Current Report No.: 11/2016

Title: The notification about the intention to disclose the results of allocation of the acquisition price of the controlling interest in Lubelski Węgiel Bogdanka S.A. in 2015 consolidated financial statements
Date: 2016.04.03
Report no.:  Current Report No.: 11/2016

Current Report No.: 11/2016

Date of preparation: 04.03.2016

Short name of issuer: Enea S.A.

Subject: The notification about the intention to disclose the results of allocation of the acquisition price of the controlling interest in Lubelski Węgiel Bogdanka S.A. in 2015 consolidated financial statements

Legal basis: Article 56 item 1(1) of the Act on Offerings - confidential information

Content of report:

The Management Board of Enea S.A. (Issuer, Company) reports that in relation to the conclusion of works related to the allocation of the acquisition price of the controlling interest of 64.57% of shares of Lubelski Wegiel Bogdanka S.A. (LWB) by Enea S.A., in accordance with IFRS 3, on 4 March 2016 a decision was made on performing the recognised asset carrying value write-downs.

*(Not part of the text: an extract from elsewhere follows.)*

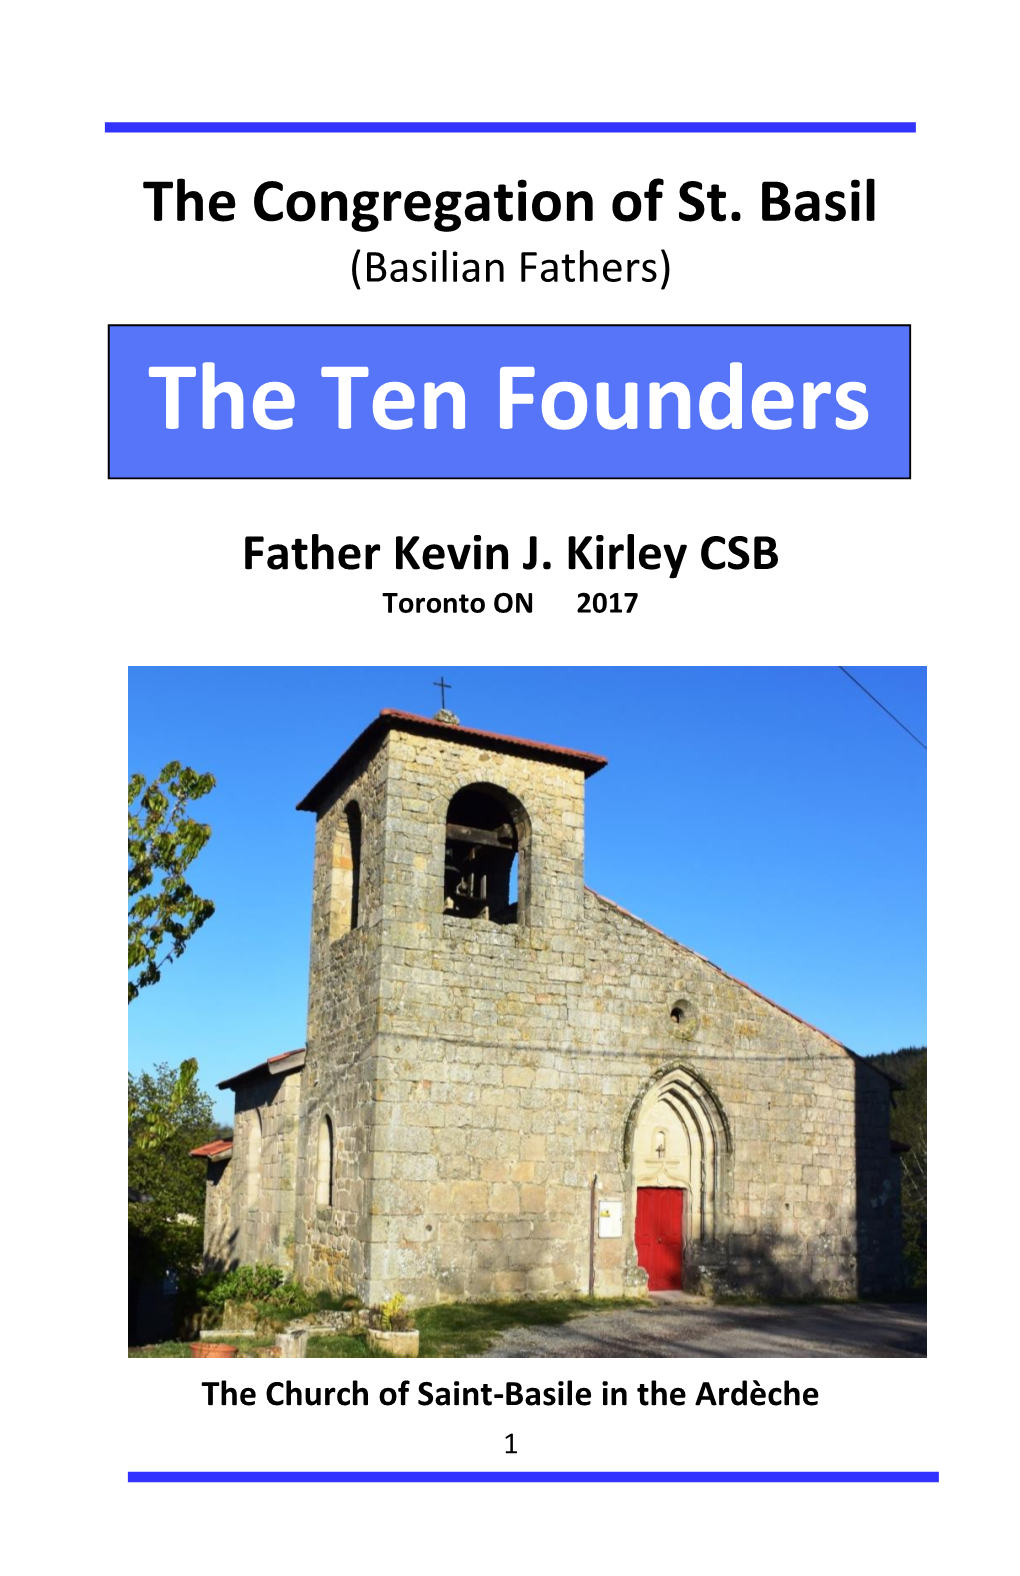 The Ten Founders

As a result of the allocation of the acquisition price of LWB the goodwill item was recognised in the value of PLN 50.2 mln which was attached to the potential possibility of LWB's obtaining a mining licence for new coal deposits. However, taking into account the general situation on the coal market and the fact that LWB's present recoverable reserve enables the exploitation of the existing coal deposit until 2039, the Management Board of Enea S.A. decided to write off the company's total goodwill established as a result of the transaction.

LWB's acquisition price settlement resulted in the recognition of the assets due to non-market terms of the agreement for coal acquisition concluded between Enea Wytwarzanie Sp. z o.o. and LWB. The Agreement foresees a formula at which the coal price is calculated if next price negotiations do not result in the final determination of the price for the next settlement period. The price calculated based on the said Agreement significantly diverges from the existing market conditions and therefore the resultant assets totalling to PLN 94 mln calculated according to IFRS 3, was applied to the other operating expenses of 2015.

At the same time, the Issuer points out that the above mentioned operation is only of an accounting nature and has no impact on the liquidity situation of the Company and its Capital Group. The Company reserves that the values presented above are only estimates and may change. The final results of the acquisition price allocation will be presented in the financial statements of Enea Capital Group for 2015, which are planned for publication on 21 March 2016.

Having in mind the diverse and international nature of Enea SA's shareholding, and also the provisions of the Best Practices of WSE Listed Companies, Enea SA guarantees the availability of its website also in English. In case of any interpretation doubts and discrepancies between the Polish and English versions, the Polish version shall prevail.